🤖 AI Summary
Robot joint friction modeling has long suffered from a trade-off among accuracy, interpretability, and generalizability: physics-based models rely heavily on expert knowledge and lack adaptability, whereas neural networks offer flexibility but suffer from poor robustness and limited interpretability. This paper introduces symbolic regression (SR) to robot friction modeling for the first time, synergistically integrating physical priors with data-driven learning to automatically discover interpretable, closed-form analytical expressions from real-world torque–velocity–load measurements of a KUKA LWR-IV+ manipulator. The resulting model achieves complexity comparable to classical models (e.g., LuGre or Dahl), yet delivers significantly improved prediction accuracy. Crucially, it natively supports extensions to load-dependent behavior and coupled dynamic effects—addressing longstanding limitations in both interpretability and adaptability of conventional friction models.
📝 Abstract
Accurately modeling the friction torque in robotic joints has long been challenging due to the request for a robust mathematical description.
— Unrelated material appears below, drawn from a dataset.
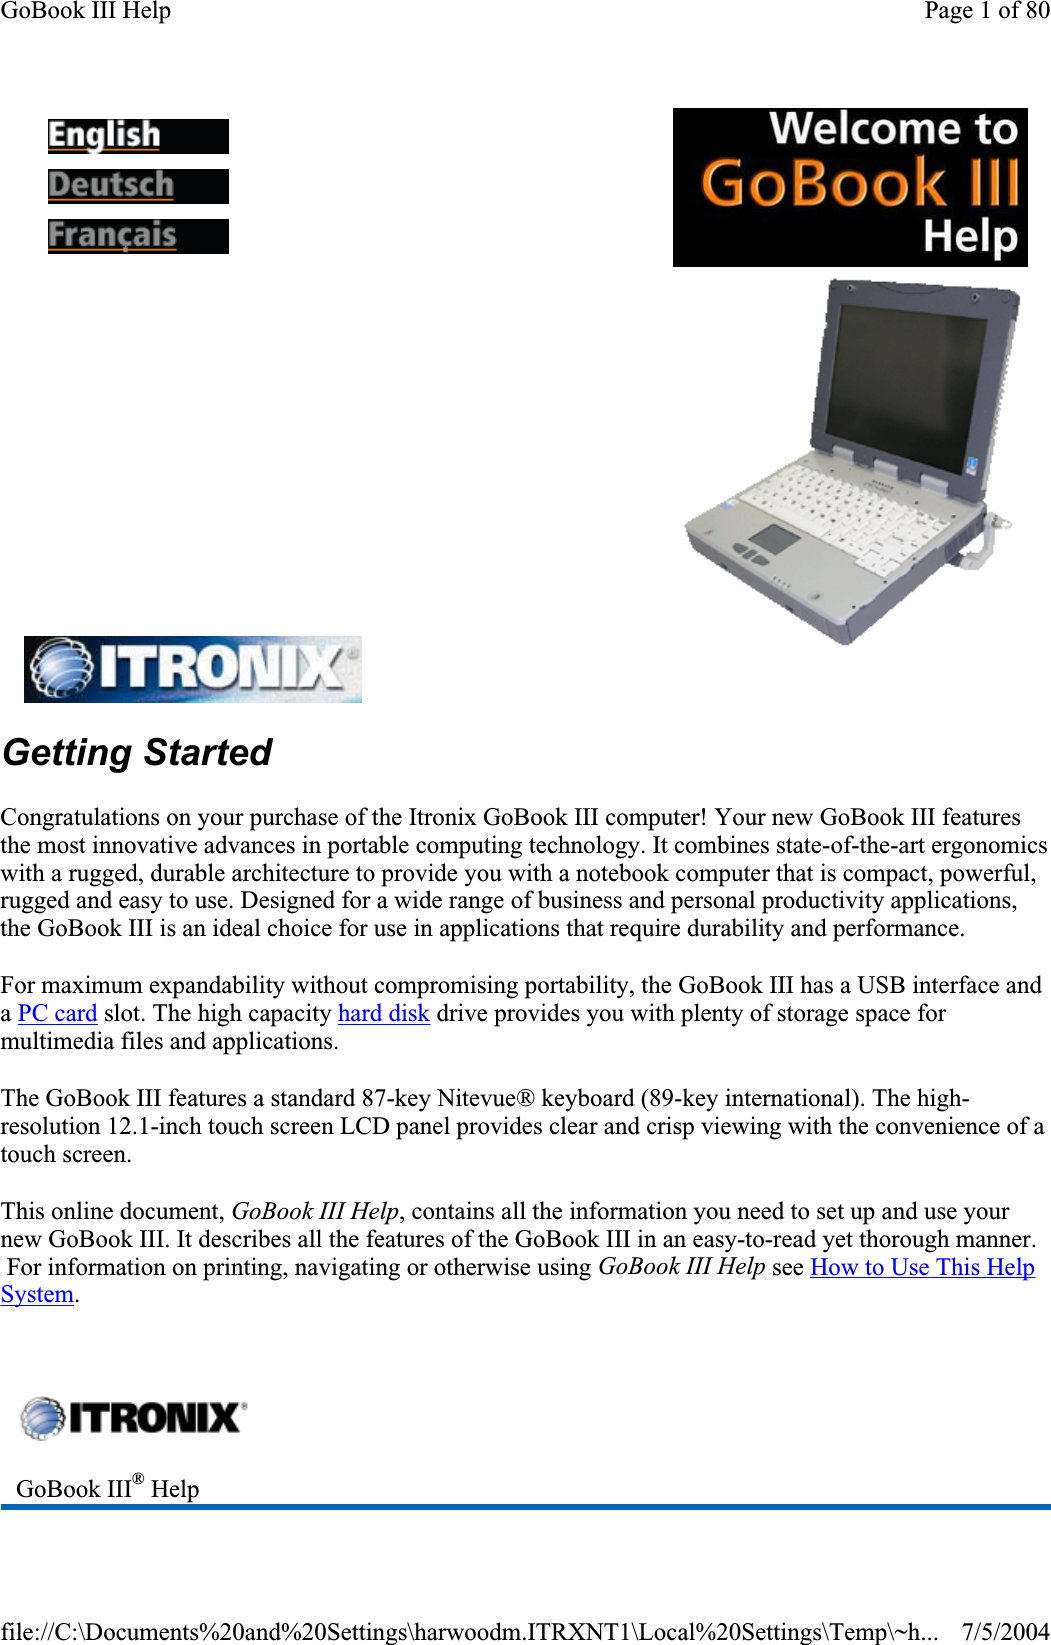 Getting StartedCongratulations on your purchase of the Itronix GoBook III computer! Your new GoBook III features the most innovative advances in portable computing technology. It combines state-of-the-art ergonomics with a rugged, durable architecture to provide you with a notebook computer that is compact, powerful, rugged and easy to use. Designed for a wide range of business and personal productivity applications, the GoBook III is an ideal choice for use in applications that require durability and performance. For maximum expandability without compromising portability, the GoBook III has a USB interface and aPC card slot. The high capacity hard disk drive provides you with plenty of storage space for multimedia files and applications. The GoBook III features a standard 87-key Nitevue® keyboard (89-key international). The high-resolution 12.1-inch touch screen LCD panel provides clear and crisp viewing with the convenience of a touch screen. This online document, GoBook III Help, contains all the information you need to set up and use your new GoBook III. It describes all the features of the GoBook III in an easy-to-read yet thorough manner.  For information on printing, navigating or otherwise using GoBook III Help see How to Use This Help System.GoBook III® HelpPage 1 of 80GoBook III Help7/5/2004file://C:\Documents%20and%20Settings\harwoodm.ITRXNT1\Local%20Settings\Temp\~h...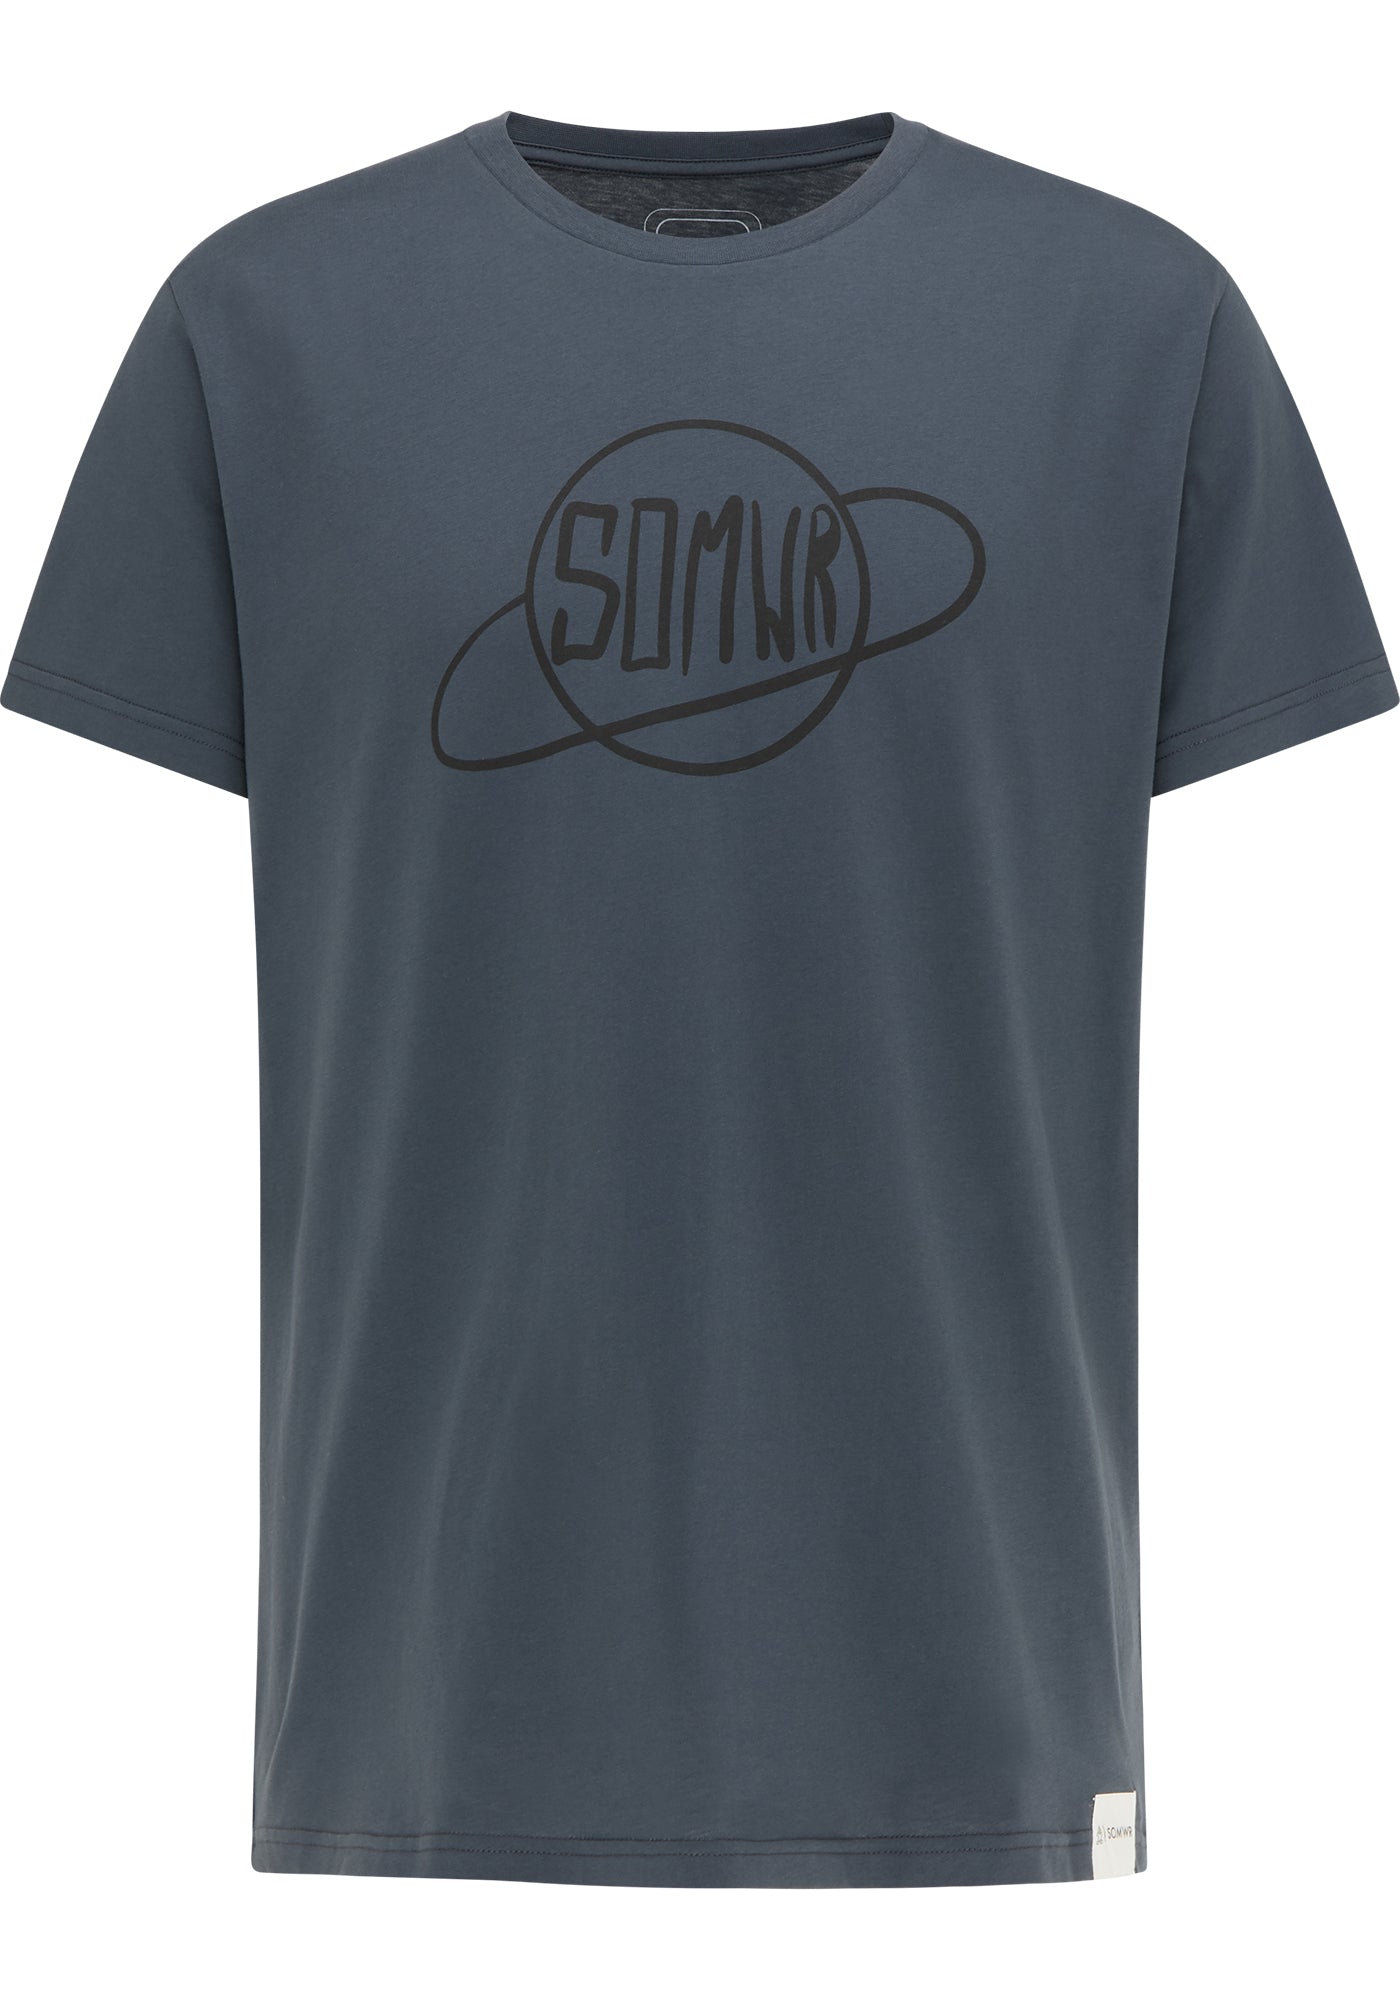 SOMWR PLANET SPHERE TEE T-Shirt NVY009

Traditional model-based approaches are often labor-intensive, requiring extensive experiments and expert knowledge, and they are difficult to adapt to new scenarios and dependencies. On the other hand, data-driven methods based on neural networks are easier to implement but often lack robustness, interpretability, and trustworthiness--key considerations for robotic hardware and safety-critical applications such as human-robot interaction. To address the limitations of both approaches, we propose the use of symbolic regression (SR) to estimate the friction torque. SR generates interpretable symbolic formulas similar to those produced by model-based methods while being flexible to accommodate various dynamic effects and dependencies. In this work, we apply SR algorithms to approximate the friction torque using collected data from a KUKA LWR-IV+ robot. Our results show that SR not only yields formulas with comparable complexity to model-based approaches but also achieves higher accuracy. Moreover, SR-derived formulas can be seamlessly extended to include load dependencies and other dynamic factors.